Но как я мог быть в этом уверен, даже не зная, кто она и что? Руководствуясь лишь слепым инстинктом? Куда делся мой житейский опыт, ведь я даже не знал, соблаговолит ли она выпить со мной чашку кофе, не говоря уже о том, чтобы играть в кройцбергских Тристана и Изольду?
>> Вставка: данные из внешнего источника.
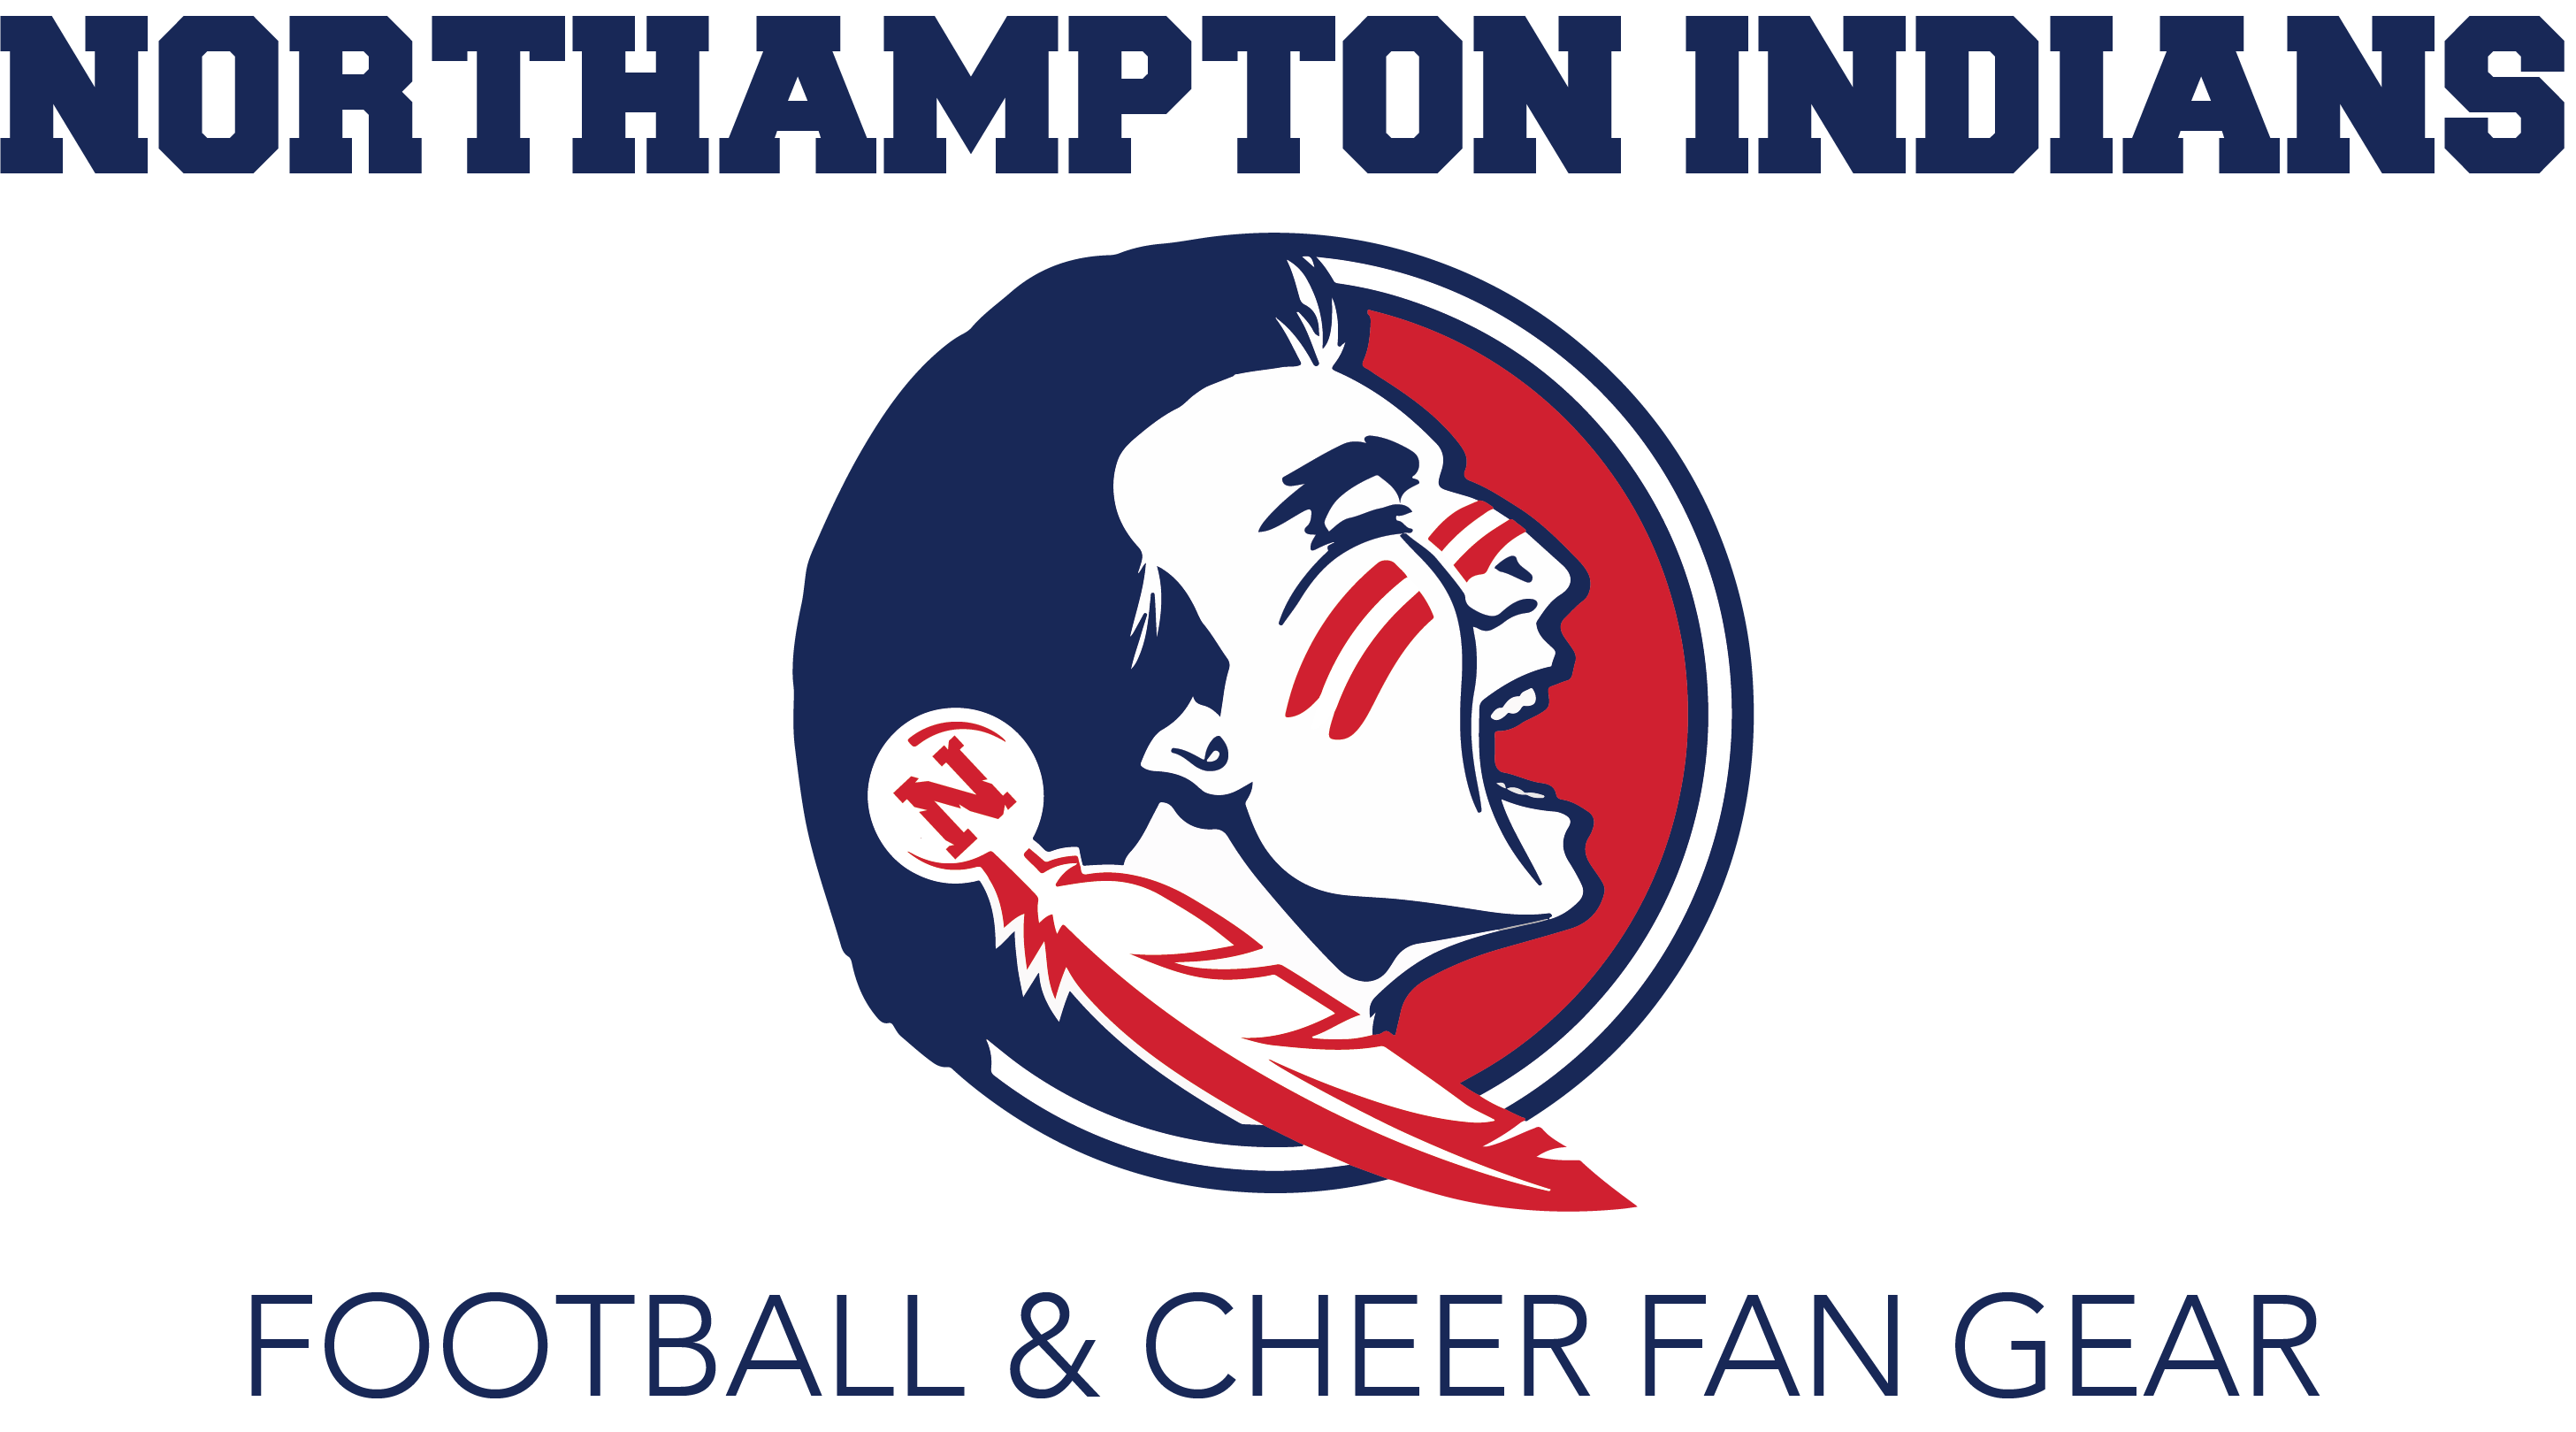 Northampton Indians Football Sublimated Mesh Shirt

Вывалив на бумагу все эти клочковатые мысли, я решительно захлопнул блокнот, закрыл колпачком авторучку и отпихнул ее в сторону, утешая себя тем, что завтра, когда прочту эти строки, всего лишь поморщусь от собственной наивности.
Я встал из-за стола, полез в холодильник и взял бутылку пива «Пауланер» — мой выбор на тот момент, по 75 пфеннигов, что идеально соответствовало моему бюджету. Потом скрутил три сигареты, чтобы держать их наготове. И, подойдя к полке, на которой хранил свои письменные принадлежности, взял красную пишущую машинку «Оливетти». Двенадцать тридцать три пополудни. Чем раньше я сдам Павлу это чертово эссе, тем скорее у меня появится шанс снова увидеть Петру. Хотя меня так и подмывало позвонить ей завтра утром и спросить, не хочет ли она провести со мной вечер, я чувствовал, что слова Павла о ней были не так уж далеки от истины и моя излишняя настойчивость может привести к тому, что передо мной навсегда захлопнут дверь. Я должен разыграть свою партию тонко и хладнокровно, морально настраиваясь на то, что моя маленькая мечта так и останется мечтой без будущего.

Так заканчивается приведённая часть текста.